The federal government is required by law to try to direct nearly a quarter of all contracting dollars to small businesses, and every year since 2005, officials have reported missing the goal by the slimmest of margins.

Then again, it depends on who is counting.

A number of contractors and advocacy groups say the government has repeatedly inflated the share of contracting dollars awarded annually to small firms, masking serious problems in the procurement process that prevent small businesses from securing more government work.

In 1958, when Congress created the Small Business Administration, it tasked the agency with establishing an annual small-business contracting goal of “not less than 23 percent of the total value of all prime contract awards.”

This month, for the seventh year in a row, SBA officials reported that the government narrowly missed the goal, reporting that small firms received 22.25 percent (or $89.9 billion) of contracting dollars in fiscal year 2012 — better than 21.65 percent last year, but down from 22.7 percent in 2010.

In a blog post announcing the report, John Shoraka the agency’s associate administrator for government contracting, called the achievement “real progress” toward the goal.

However, the SBA’s calculations come with several caveats, in large part because the agency excludes certain contracts and entire agencies from its measure.

Officials do not take into consideration, for instance, any contract work for the Federal Aviation Administration, the Transportation Security Administration or the Central Intelligence Agency, nor do they account for any contracts for goods sold overseas or any work performed outside the United States.

In all, SBA officials have determined that about one-fifth of all federal contract spending is not “small-business eligible,” and so it excludes that portion from its calculations.

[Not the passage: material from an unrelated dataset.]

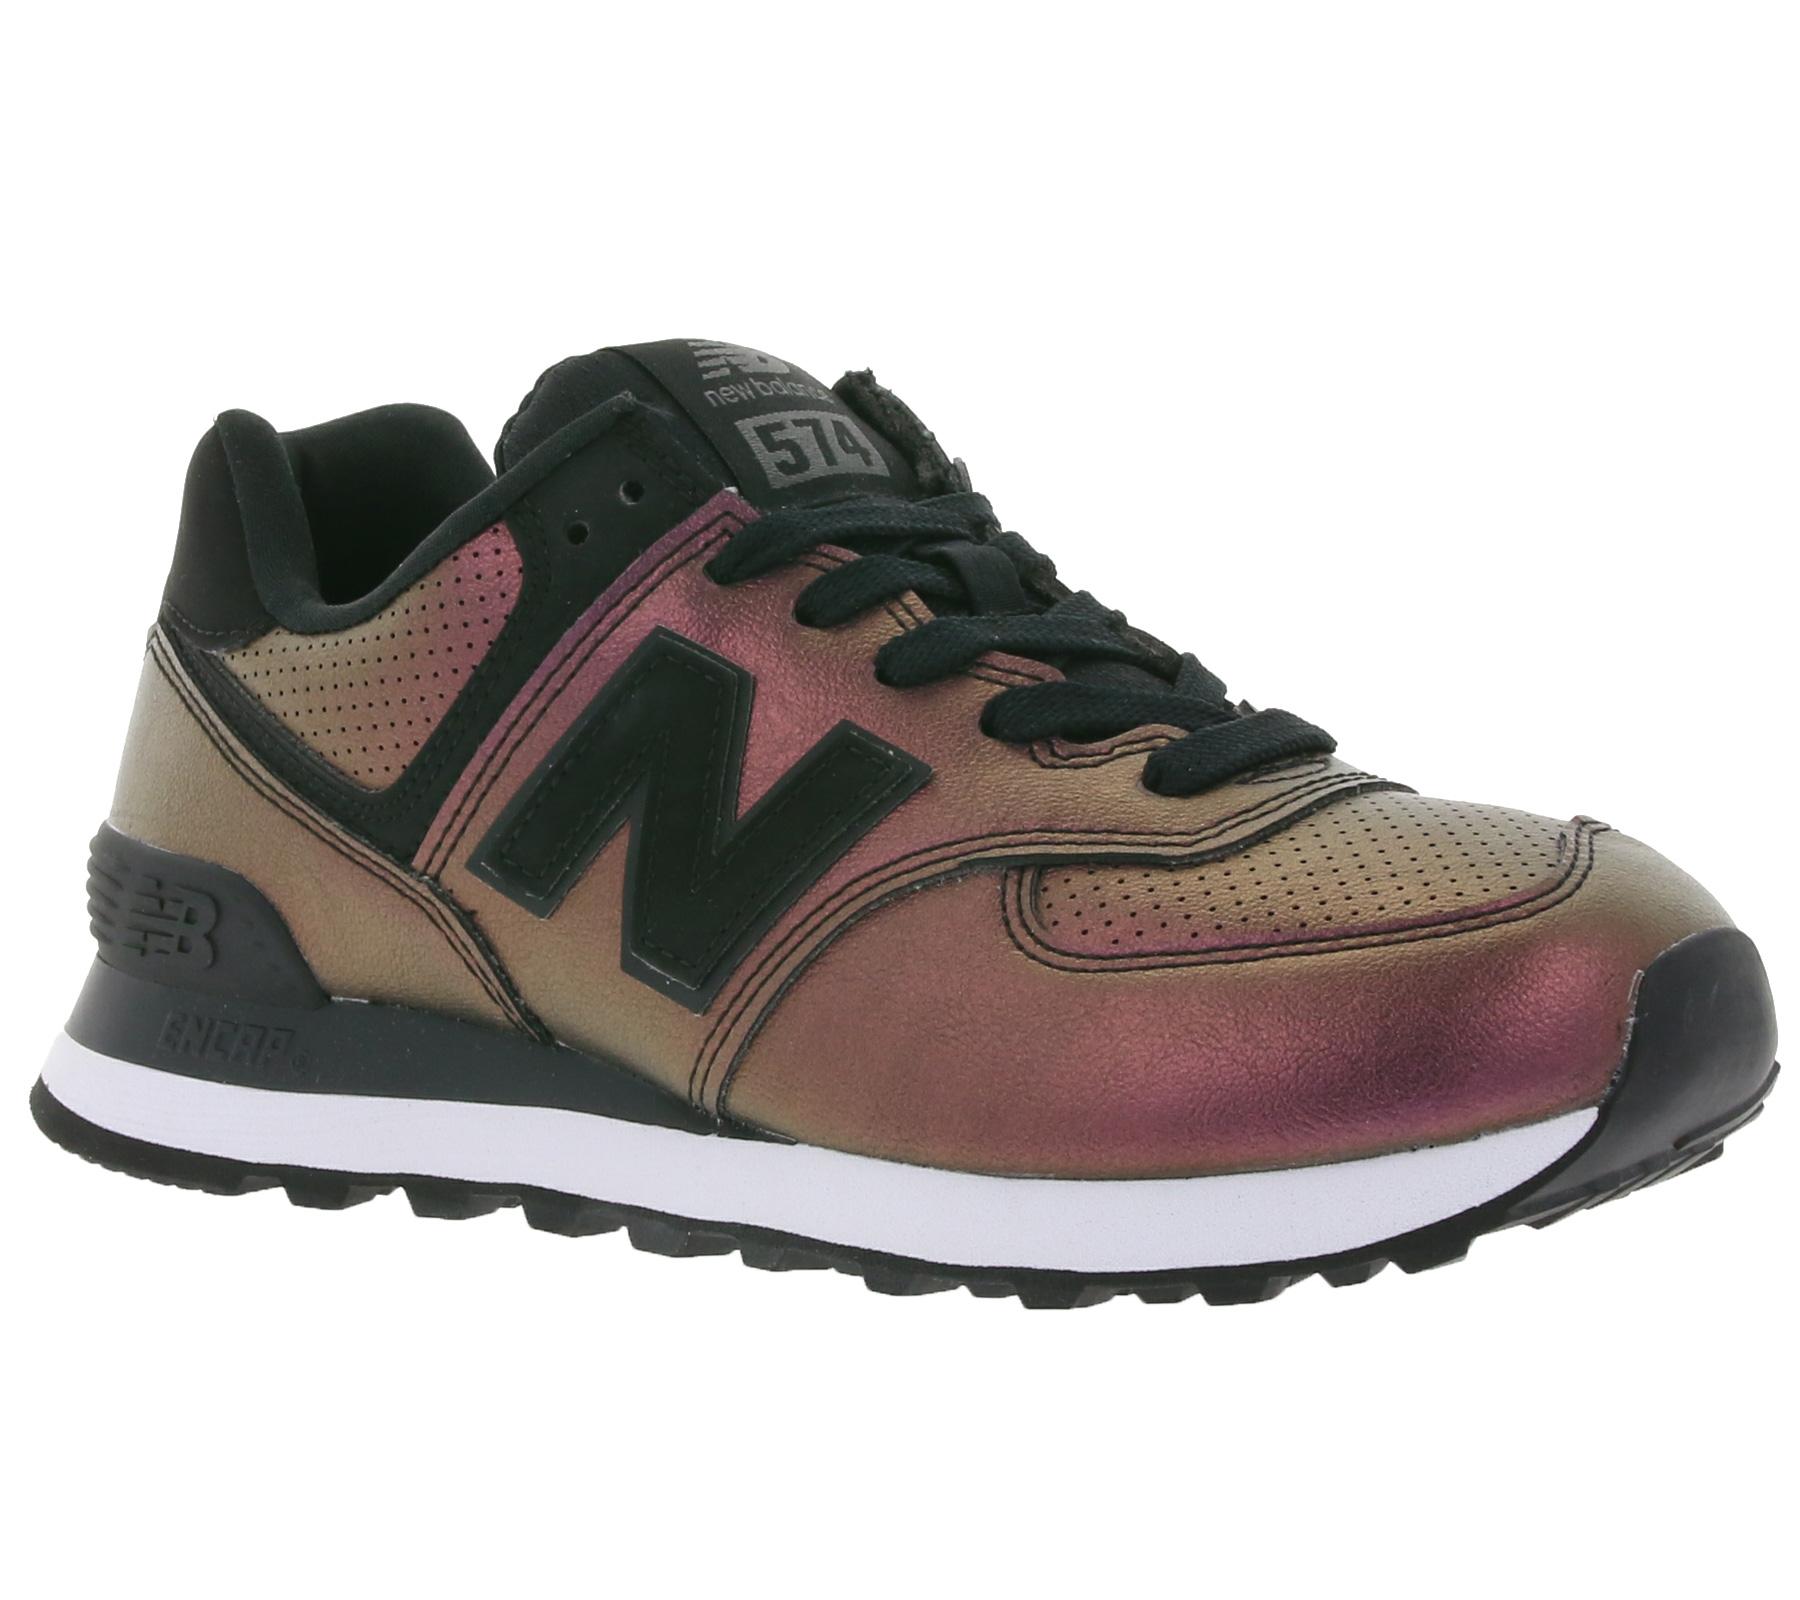 cf6506660853da Günstige Mode   Marken-Schuhe im Online Outlet

The portion includes spending by agencies that are not subject to certain federal acquisition regulations, and those that do not report into the Federal Procurement Data System, from which the SBA pulls its data, Skoraka said. Other exclusions have been made on the basis that those contracts do not lend themselves to competition by small firms.

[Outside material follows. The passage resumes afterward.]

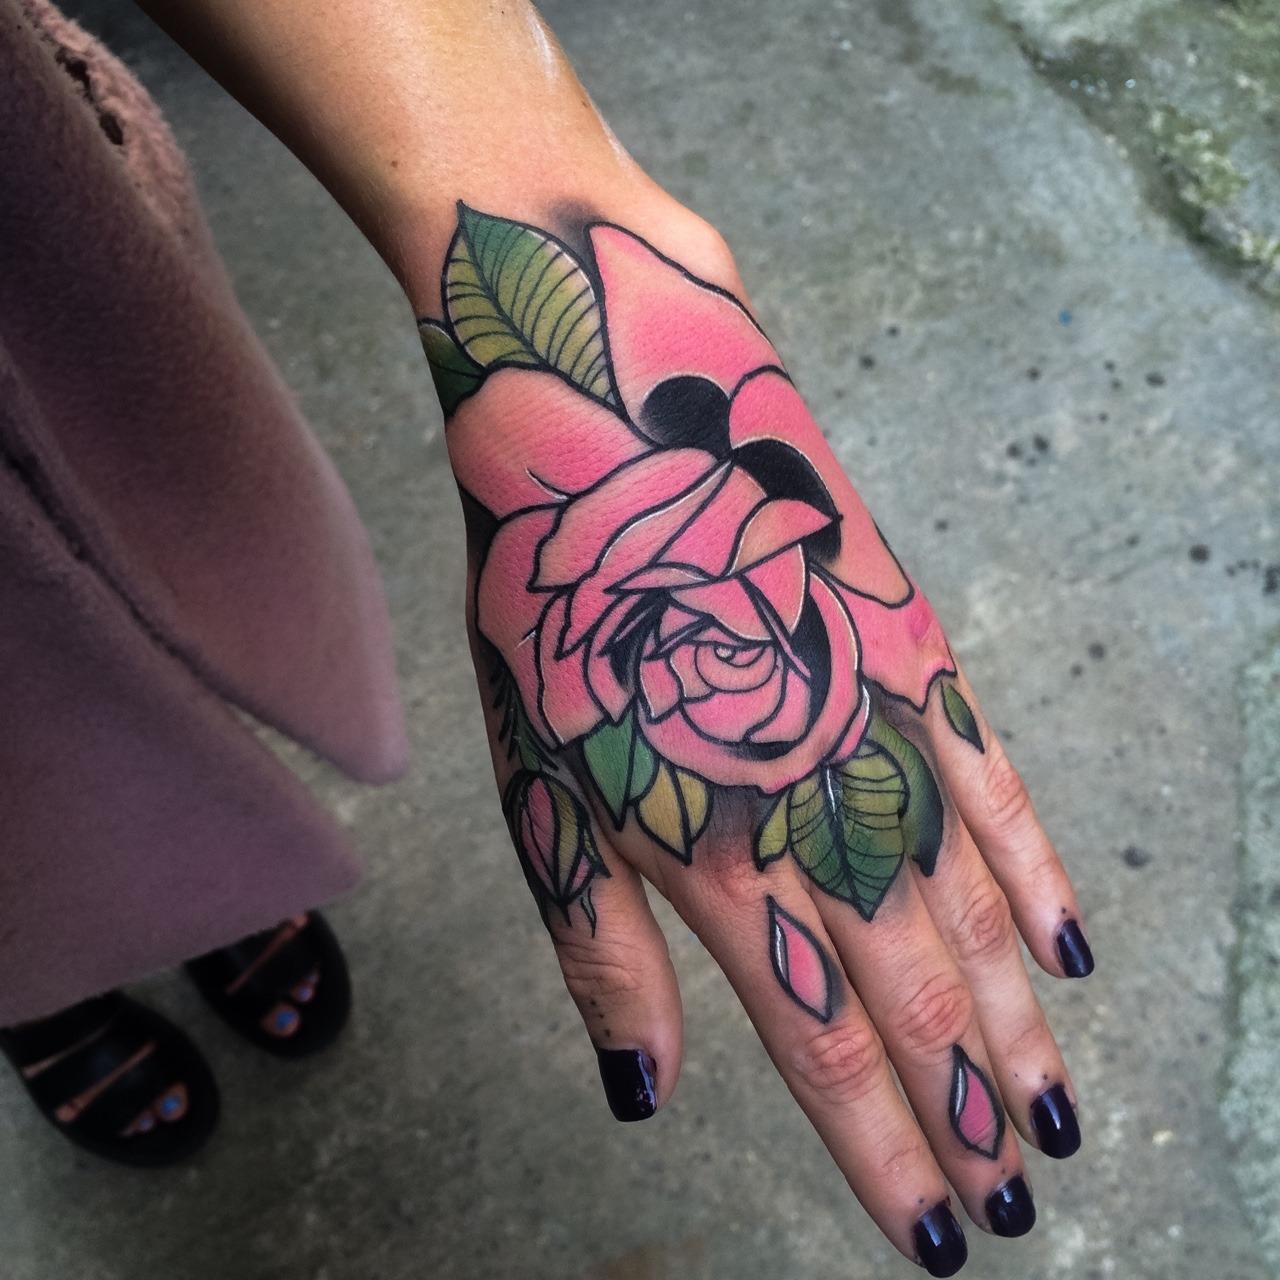 e6411cd30 Tattoo by Matt Webb. Follow me on Instagram at mattwebbtattoo.

Shoraka noted that the current list of exclusions was finalized during the second term of former president George W. Bush. The Obama administration elected to leave them in place in order to “compare apples to apples,” he said.

Critics argue that is not what Congress mandated.

“They are simply not following the letter of the law,” said Charles Tiefer, a professor of government contracting at the University of Baltimore Law School. “It states 23 percent of all contracts, and there is no reason to think Congress wanted some of these exclusions.”

Contracts out of reach for small businesses, he said, should be considered as part of the 77 percent of government spending available to large and international companies, rather than removed from the equation altogether. He pointed out that some of the excluded contracts, including intelligence gathering and work overseas, are areas in which government spending has surged in recent years.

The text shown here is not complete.